**Your assignment**
Once the pictures are set aside, transcribe each line of the data exactly.
(Source material begins)
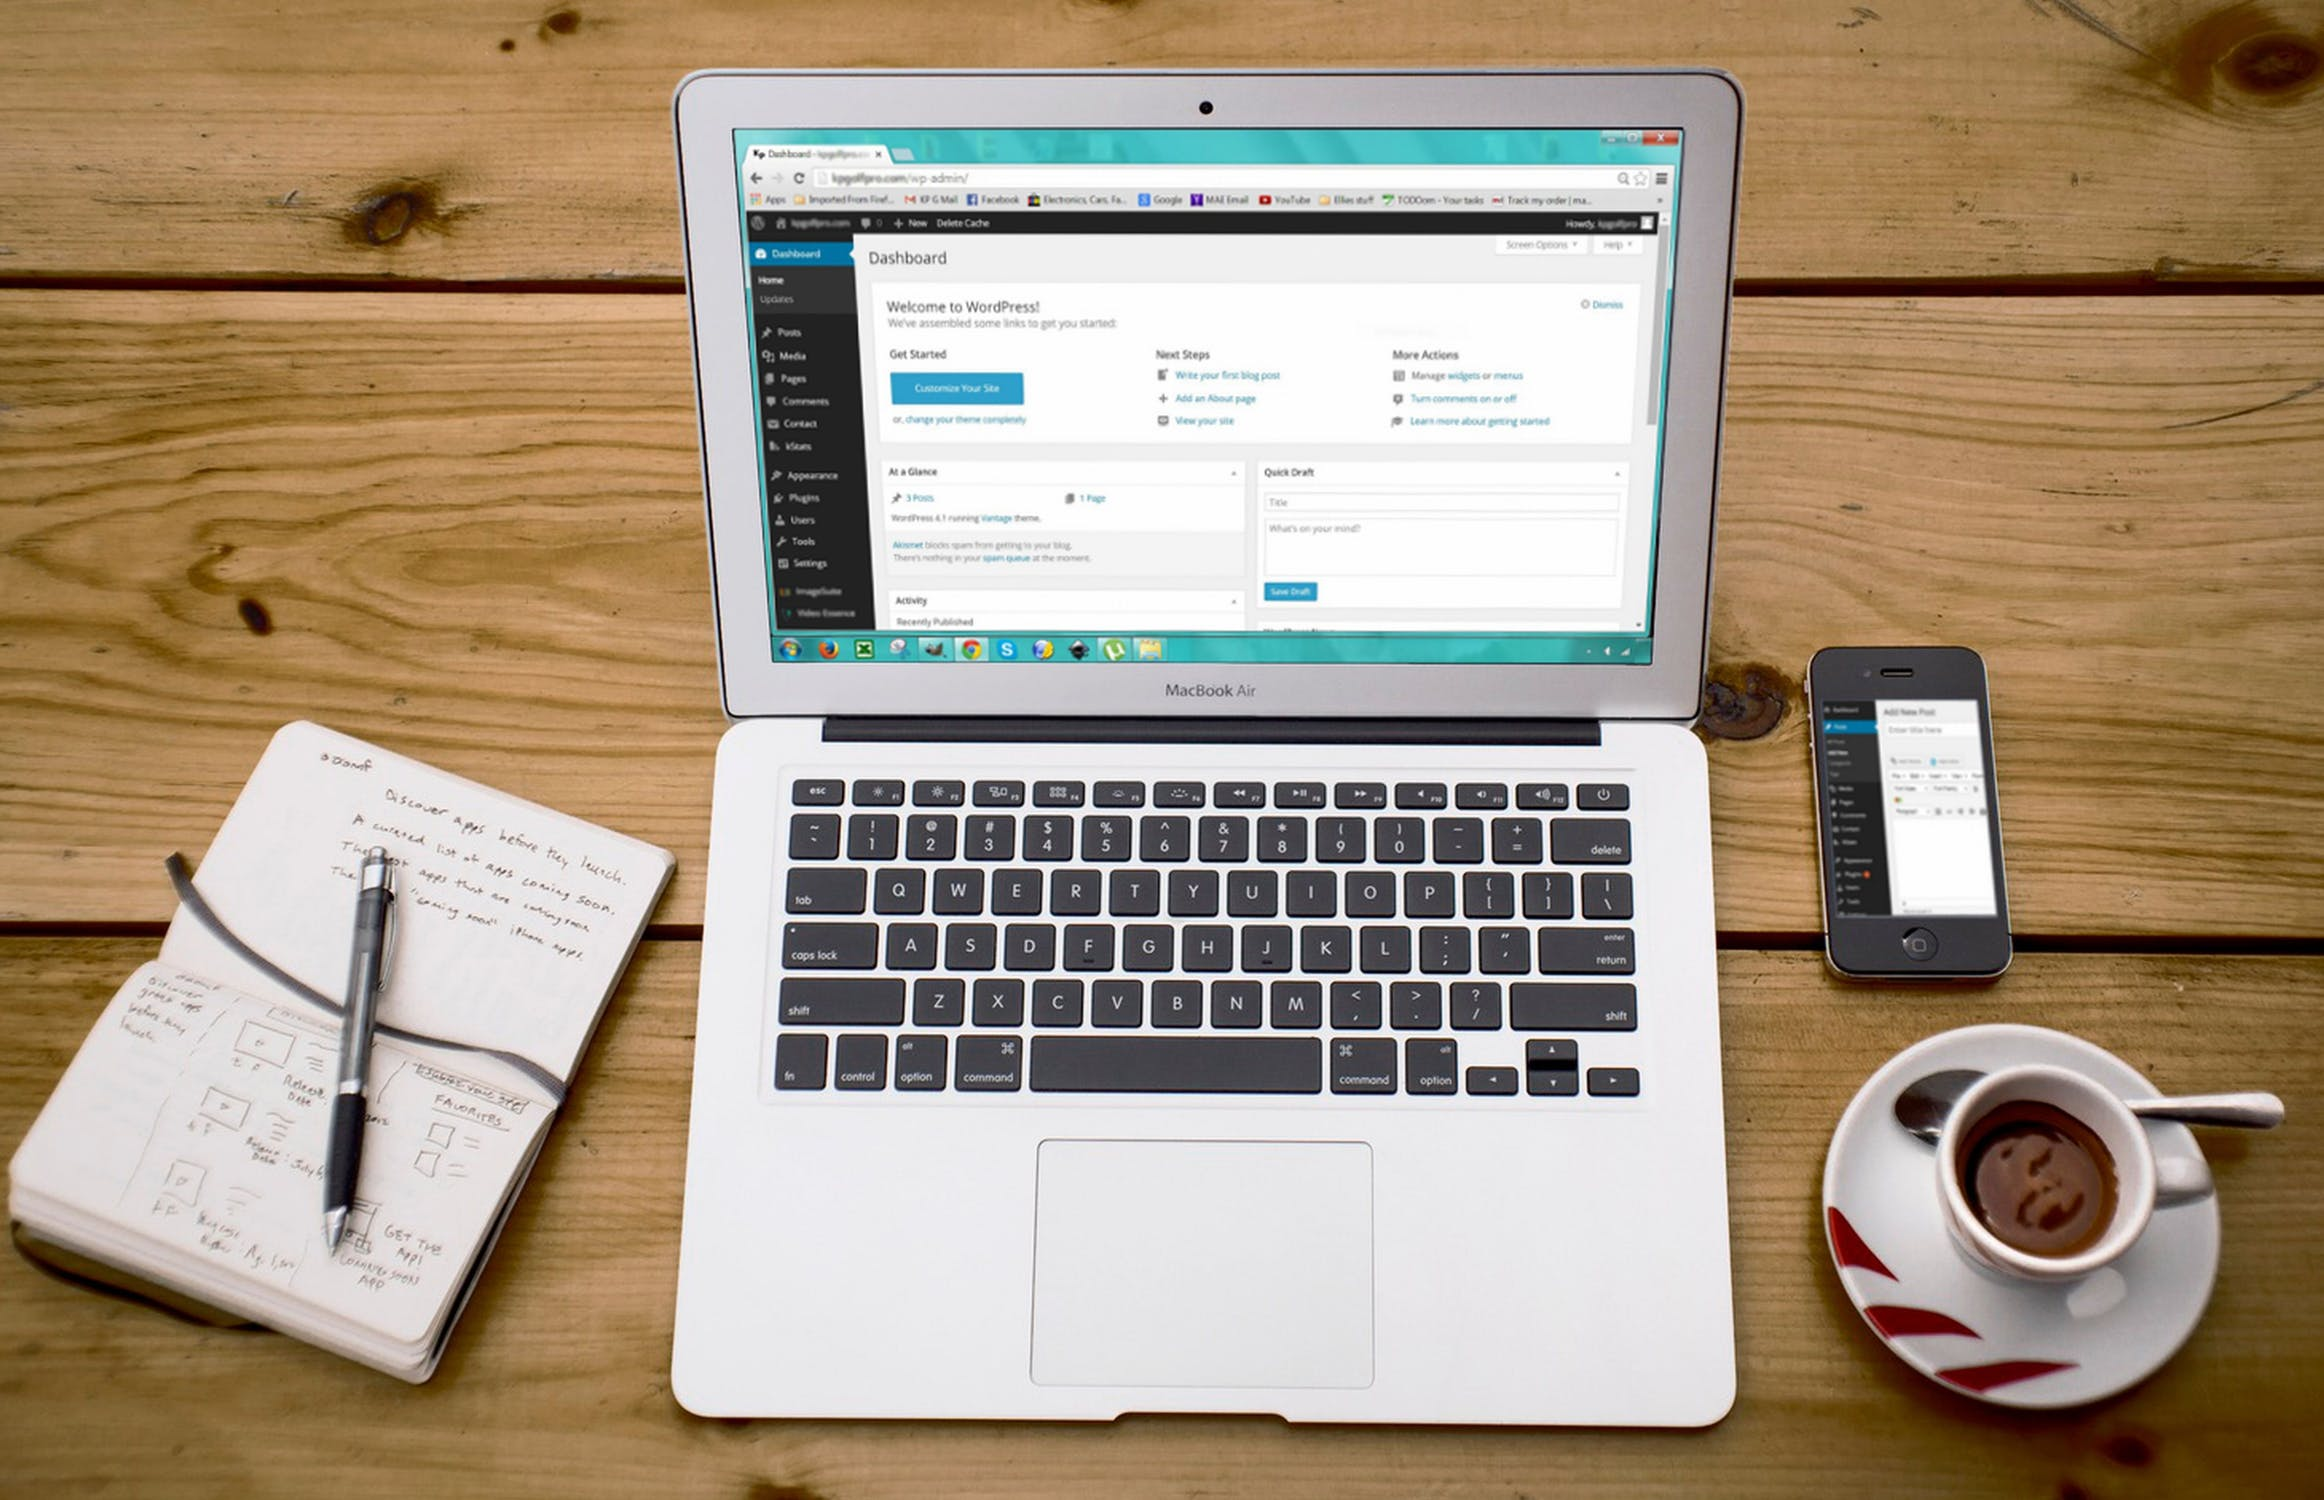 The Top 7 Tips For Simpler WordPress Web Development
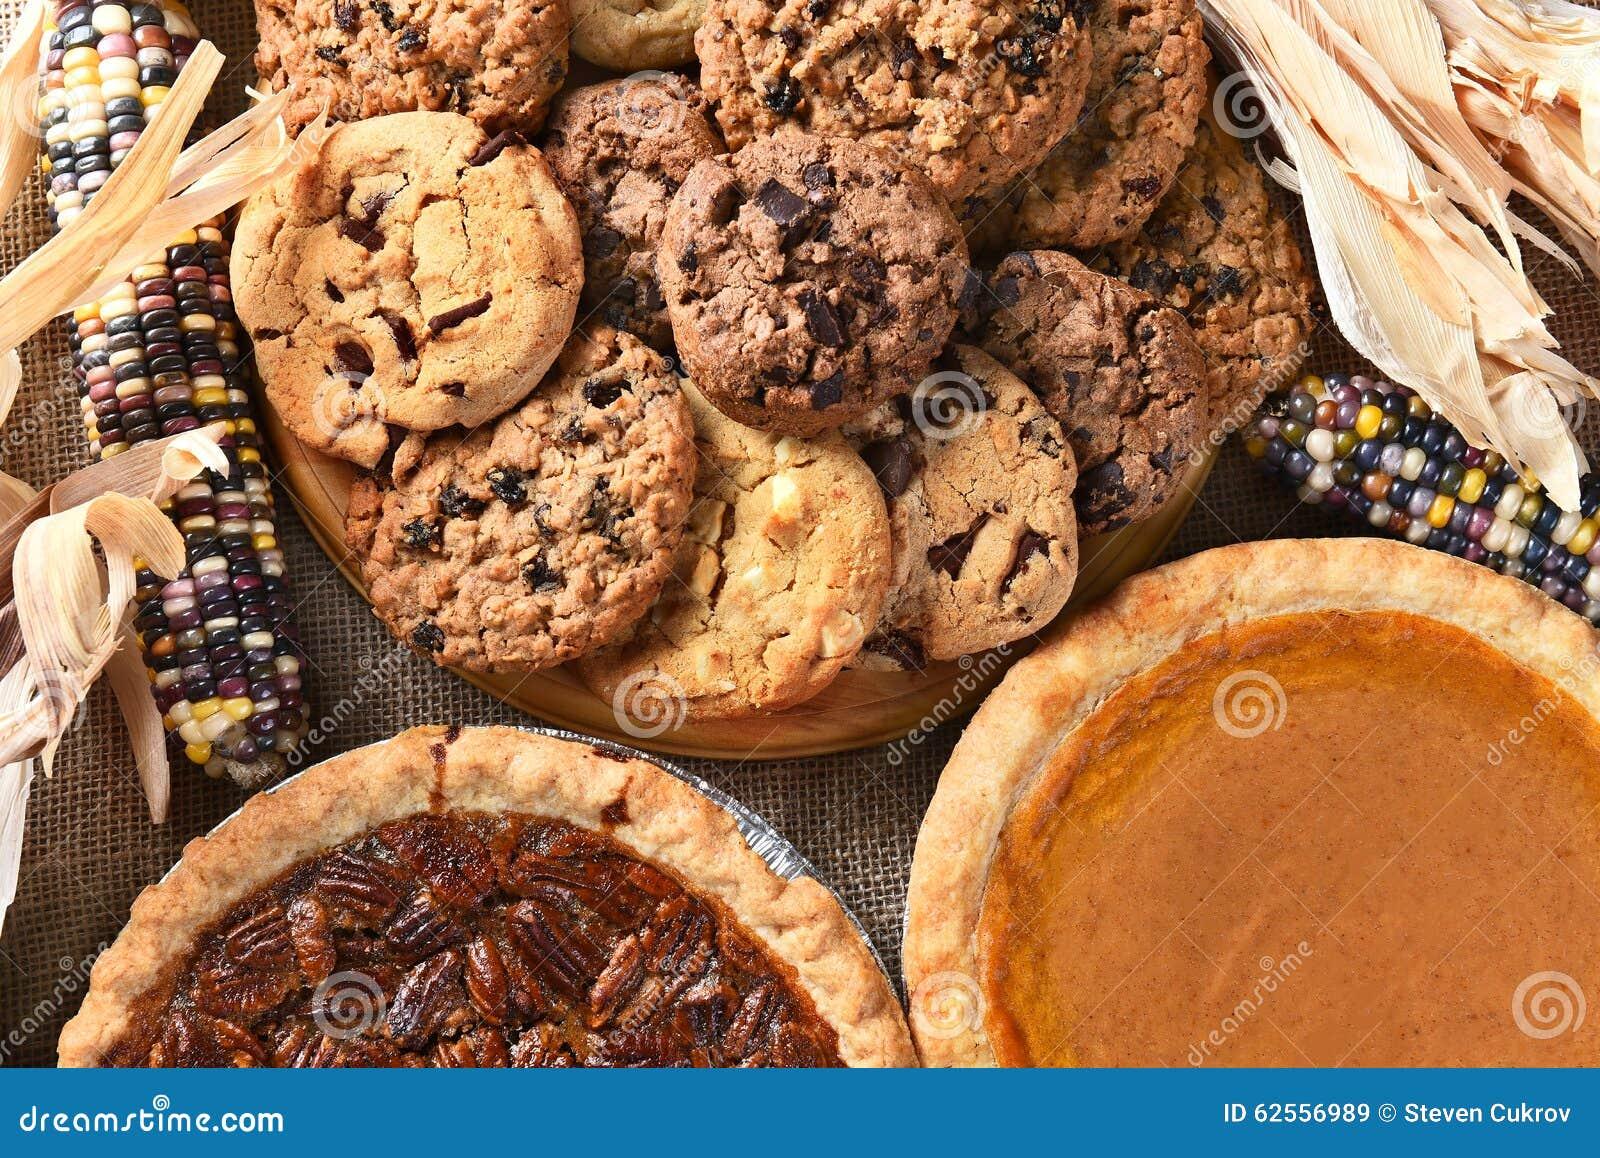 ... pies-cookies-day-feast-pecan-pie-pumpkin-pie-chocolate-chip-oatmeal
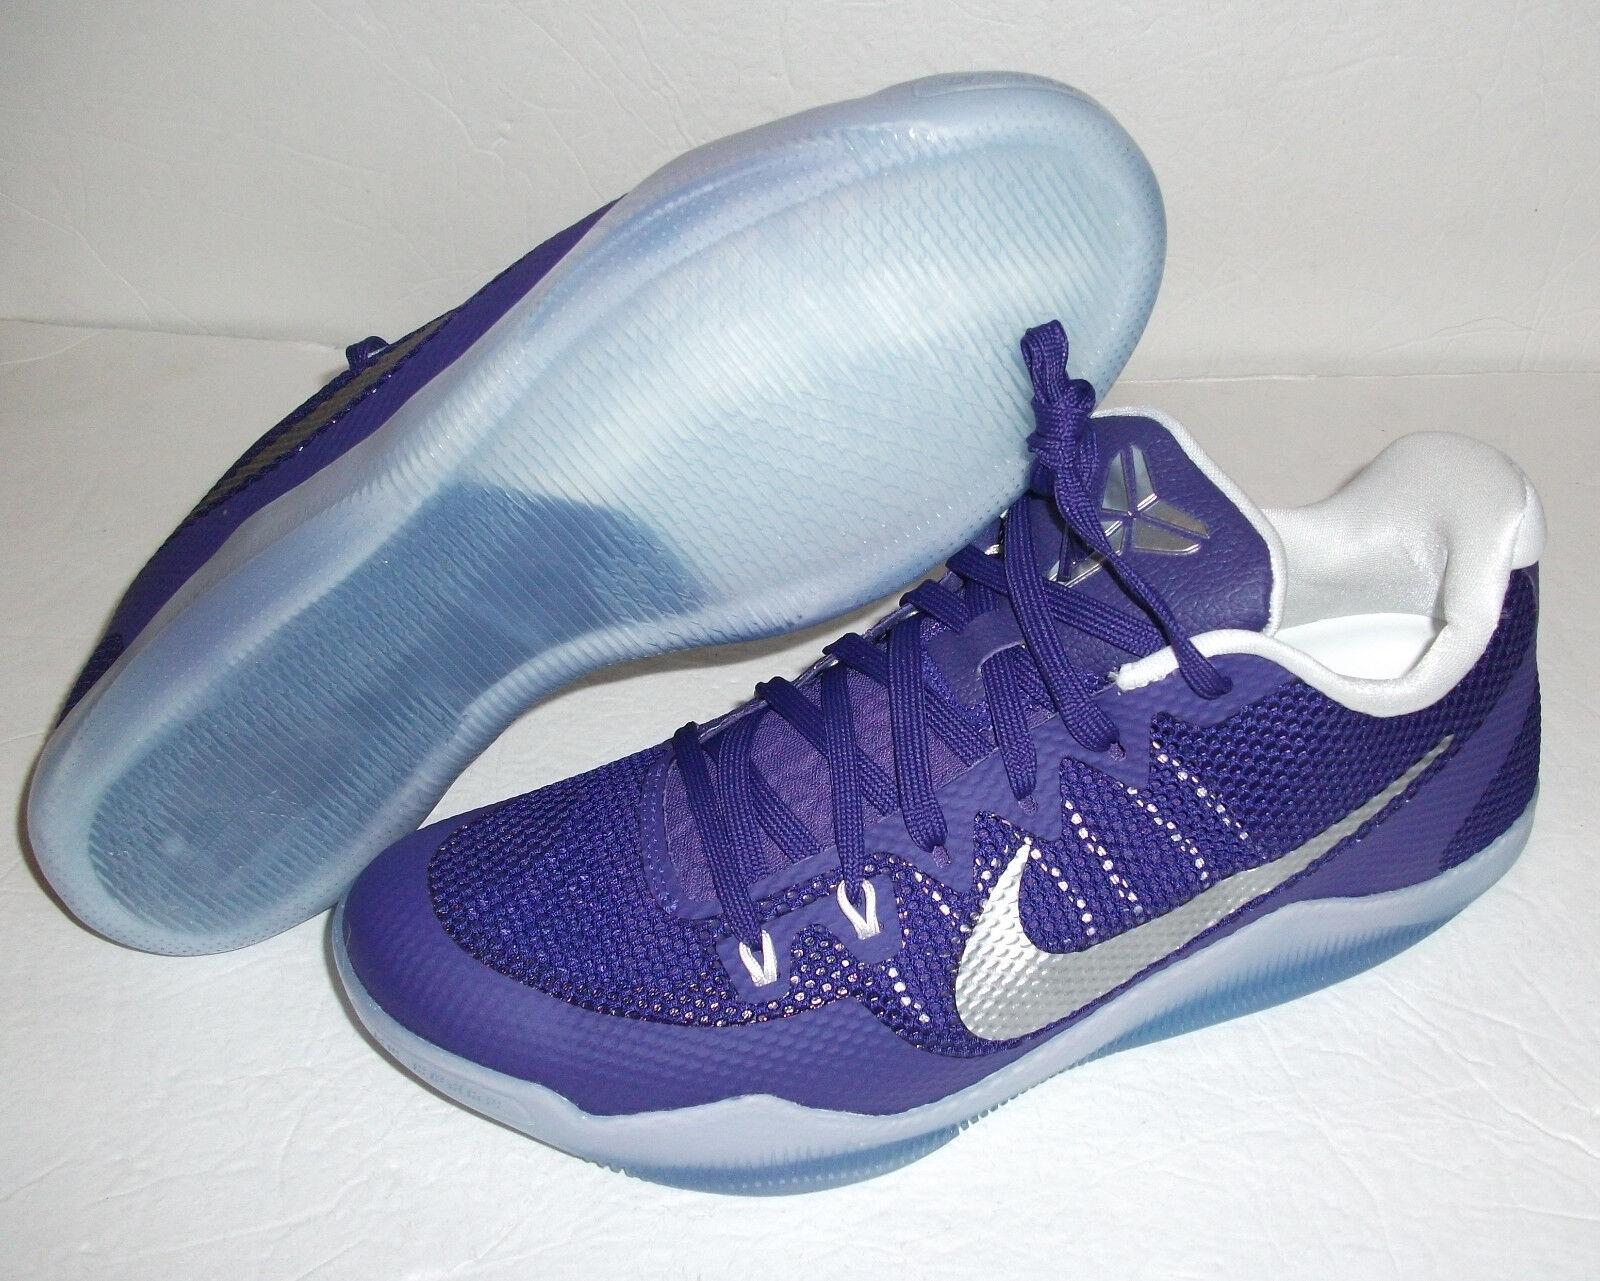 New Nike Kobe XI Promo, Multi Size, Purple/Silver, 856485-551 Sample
(Source material ends)
**Answer below**
 The Top 7 Tips For Simpler WordPress Web Development
 ... pies-cookies-day-feast-pecan-pie-pumpkin-pie-chocolate-chip-oatmeal
 New Nike Kobe XI Promo, Multi Size, Purple/Silver, 856485-551 Sample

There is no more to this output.